Chronique. Il n’y a pas si longtemps, Abiy Ahmed était aux yeux du monde ce quadragénaire plein d’audace, auréolé du prix Nobel de la paix, soucieux de promouvoir en Ethiopie une économie plus libérale et un système politique plus ouvert. Las. Six mois ont passé depuis le déclenchement de l’opération militaire, le 4 novembre 2020, dans la province septentrionale du Tigré. Six mois au cours desquels le premier ministre éthiopien s’est transformé en chef de guerre. Six mois qui questionnent les espoirs suscités par ce pays un temps présenté comme un possible modèle pour l’Afrique.
Risque de famine, massacres, désastre humanitaire, réfugiés… Le bilan du conflit, établi avec peine tant il se déroule loin des regards, convoque les images d’un passé qu’on pensait révolu. L’Ethiopie, terre des grandes famines des années 1980 et de pauvreté extrême, était passée à un autre registre. On regardait avec étonnement, un soupçon de prudence et beaucoup d’optimisme, les performances du deuxième pays le plus peuplé d’Afrique avec quelque 110 millions d’habitants. Un « tigre » dont l’économie a crû pendant plus d’une décennie à un rythme annuel de près de 10 %.
Une « petite Chine africaine »
L’intérêt qu’éveillait l’Ethiopie ne se résumait pas à ces taux de croissance mirobolants. De telles prouesses ont pu s’observer ailleurs sur le continent, à l’époque notamment du « super-cycle » des matières premières. Mais ce pays offrait autre chose. Un modèle de développement unique en Afrique, avec ses faiblesses sans doute, mais dont le volontarisme forçait l’admiration.
Le tournant remonte à trois décennies, quand le Front de libération du peuple du Tigré (TPLF), ce même parti que l’armée fédérale éthiopienne combat aujourd’hui, a renversé le régime marxiste du Derg. Depuis, le pays a mis en place une politique visionnaire et dirigiste pour s’insérer dans les chaînes de valeur mondiales. Telle une « petite Chine africaine », il a vanté sa main-d’œuvre abondante et bon marché pour capter les investissements étrangers. Se couvrant de parcs industriels, de routes et de voies ferrées, il est devenu l’ultime maillon, fragile et remarquable à la fois, de la mondialisation commerciale.

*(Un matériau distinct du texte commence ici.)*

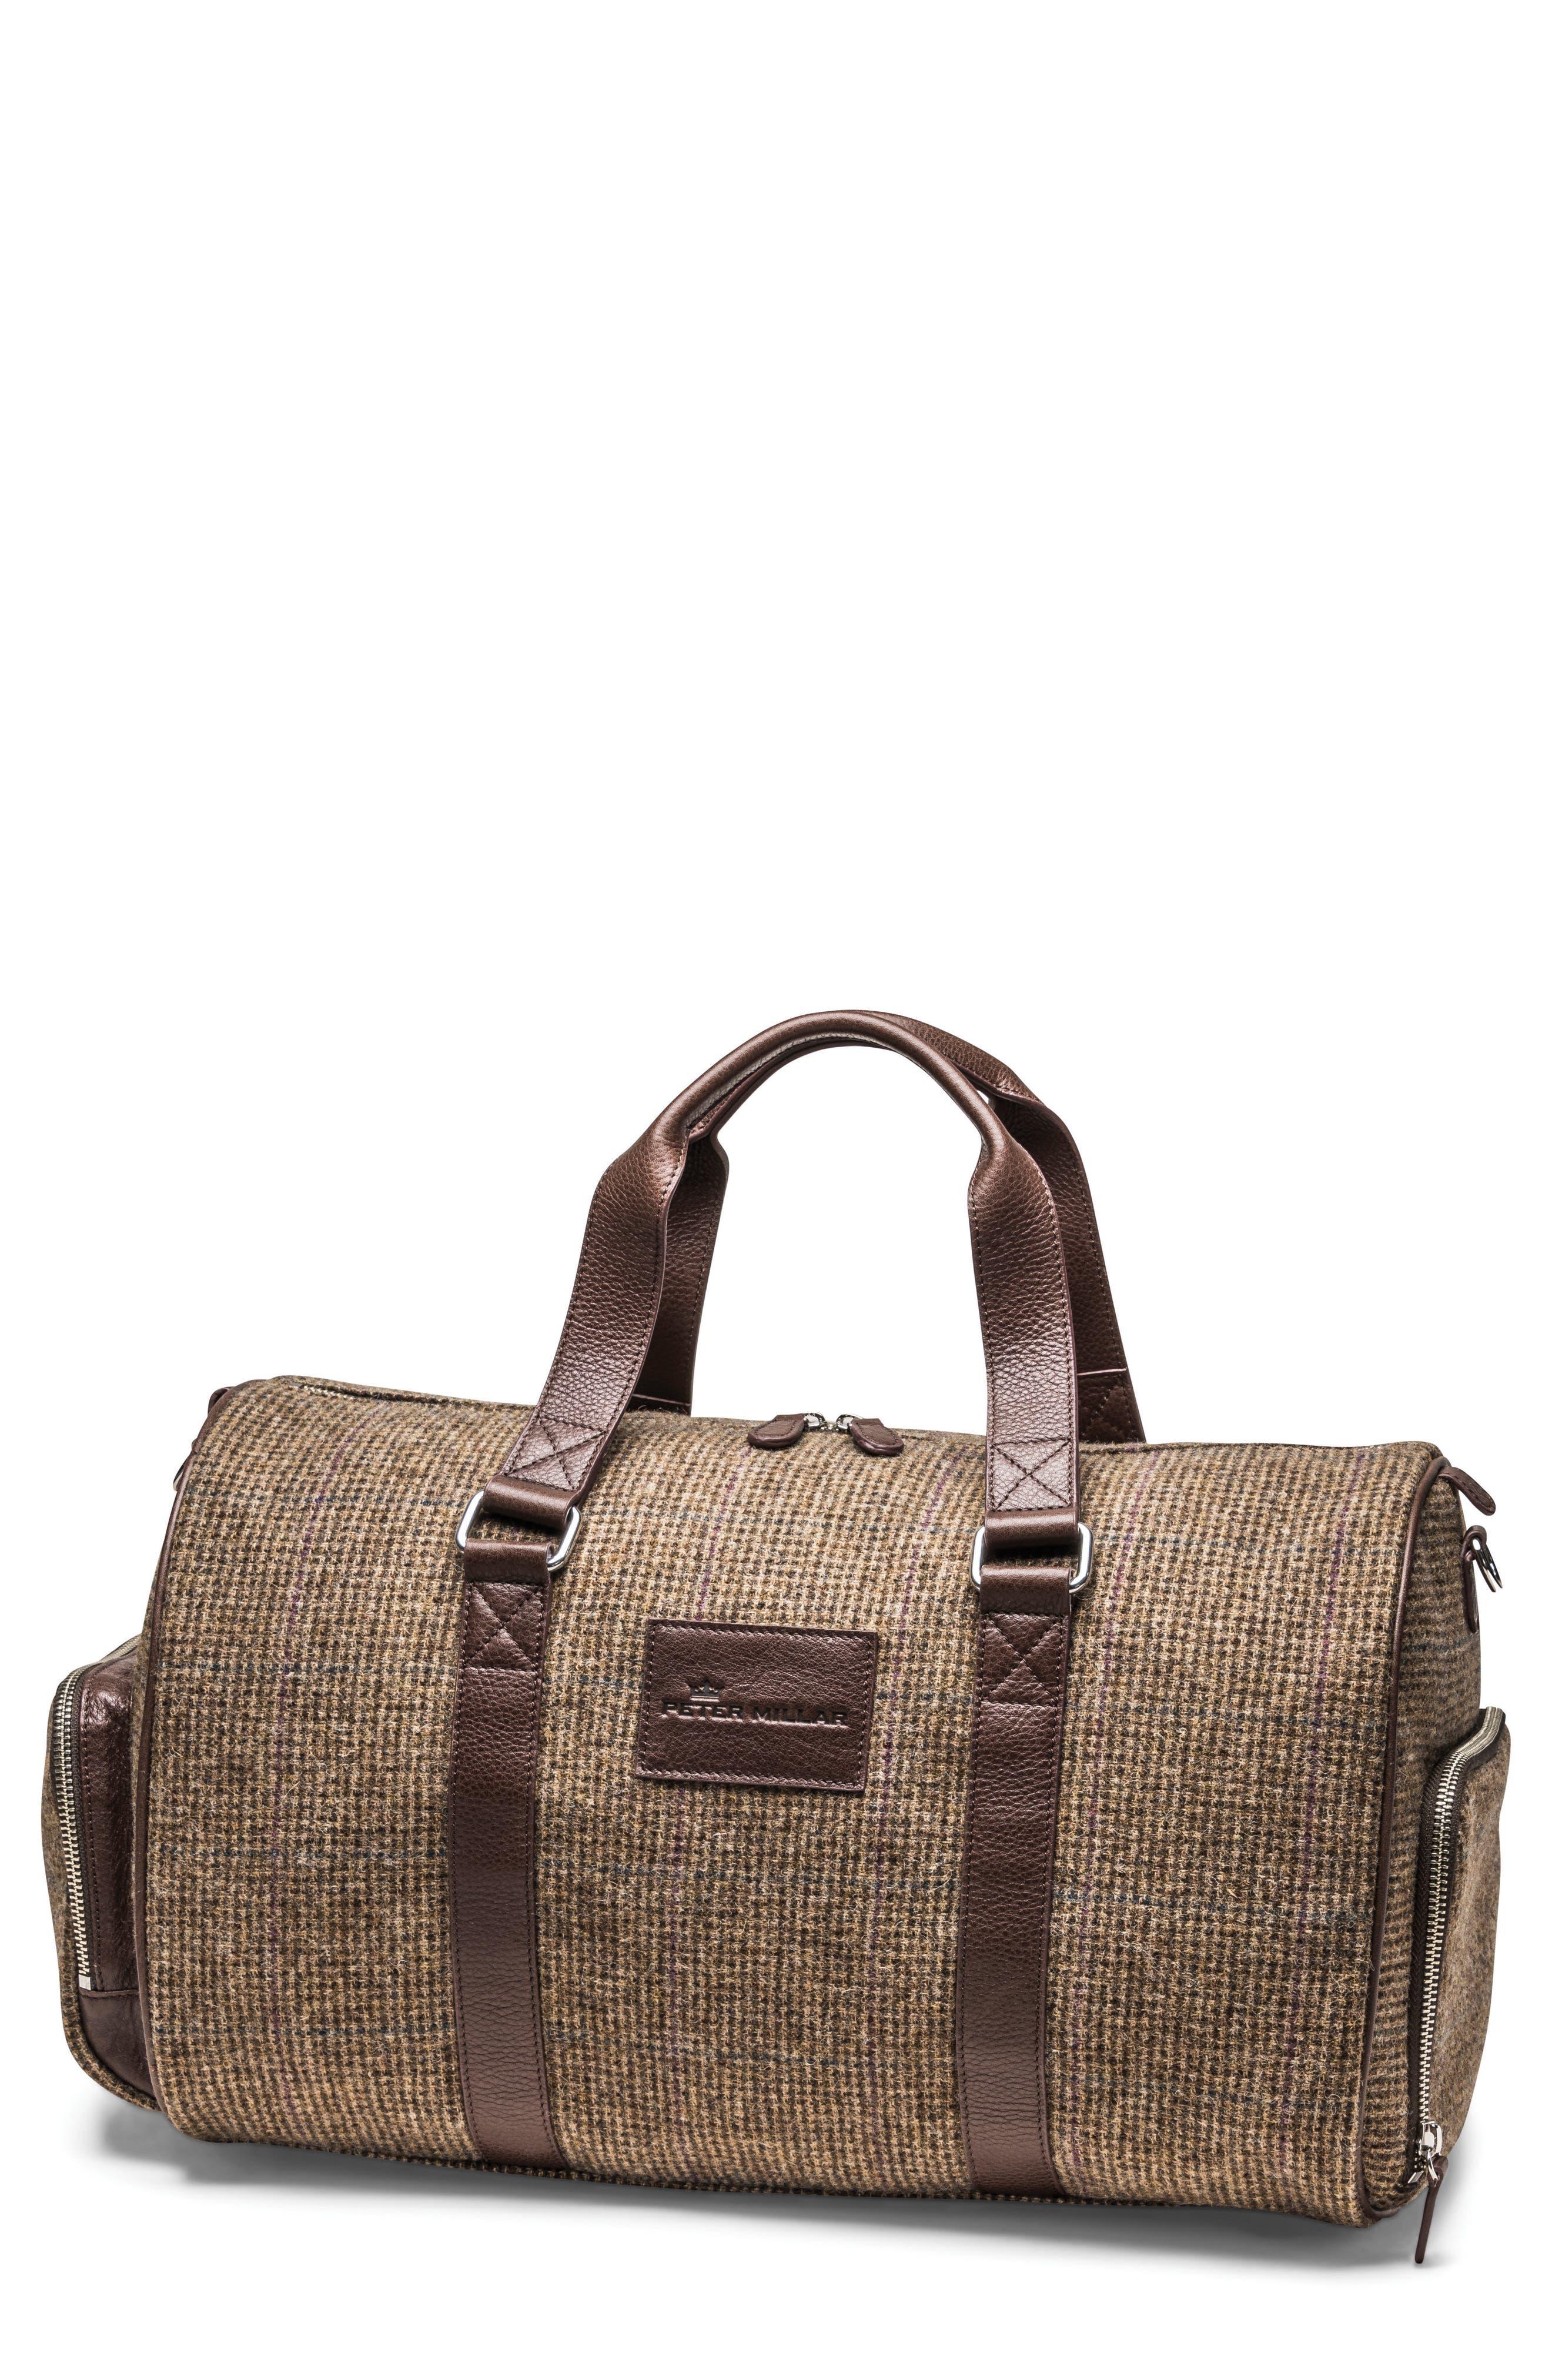 Alternate Image 1 Selected - Peter Millar Mountainside Day Duffel Bag

La mortalité infantile et la pauvreté ont chuté. Addis-Abeba, la capitale, s’est métamorphosée en un chantier à ciel ouvert. Un peu partout, des universités ont éclos. L’Ethiopie peut aussi se targuer de quelques joyaux inestimables – Ethiopian Airlines, la compagnie aérienne nationale, capable de rivaliser avec les plus grandes – et de projets pharaoniques dont le premier d’entre eux, le barrage de la Renaissance, est censé devenir la plus grosse centrale hydro-éléctrique d’Afrique.
Opacité et inflexibilité des autorités
Nommé en 2018, le réformateur Abiy Ahmed se faisait fort de pousser plus loin ces succès en lâchant du lest sur les secteurs stratégiques de l’économie. Cette ouverture visait à multiplier les fruits d’une croissance échappant toujours au plus grand nombre. Et, plus prosaïquement, à attirer encore davantage les investisseurs internationaux pour combler un besoin urgent en devises étrangères.
Mais, désormais, l’économie vacille. La guerre n’est pas seule en cause : des invasions de criquets pèlerins et la pandémie de Covid-19 l’avaient déjà ébranlée. Le gouvernement souligne d’ailleurs que le Tigré ne compte que pour une fraction du PIB éthiopien. Mais les récits d’atrocités – souvent invérifiables faute d’accès à la province –, l’opacité et l’inflexibilité des autorités risquent de refroidir pour un moment les ardeurs des partenaires de l’Ethiopie.
D’où peut-être la timidité manifestée par les investisseurs fin avril face à la vente de deux licences télécoms, même si les raisons en sont multiples. Seules deux offres ont été soumises – le sud-africain MTN et un consortium incluant le kényan Safaricom – dans cette opération un temps présentée comme le « deal du siècle » tant le marché des télécommunications éthiopien, jusqu’ici ultrafermé, aiguisait les convoitises. A l’évidence, l’Ethiopie peine aujourd’hui à justifier son statut de nouvel eldorado au sein d’une Corne de l’Afrique minée par les conflits.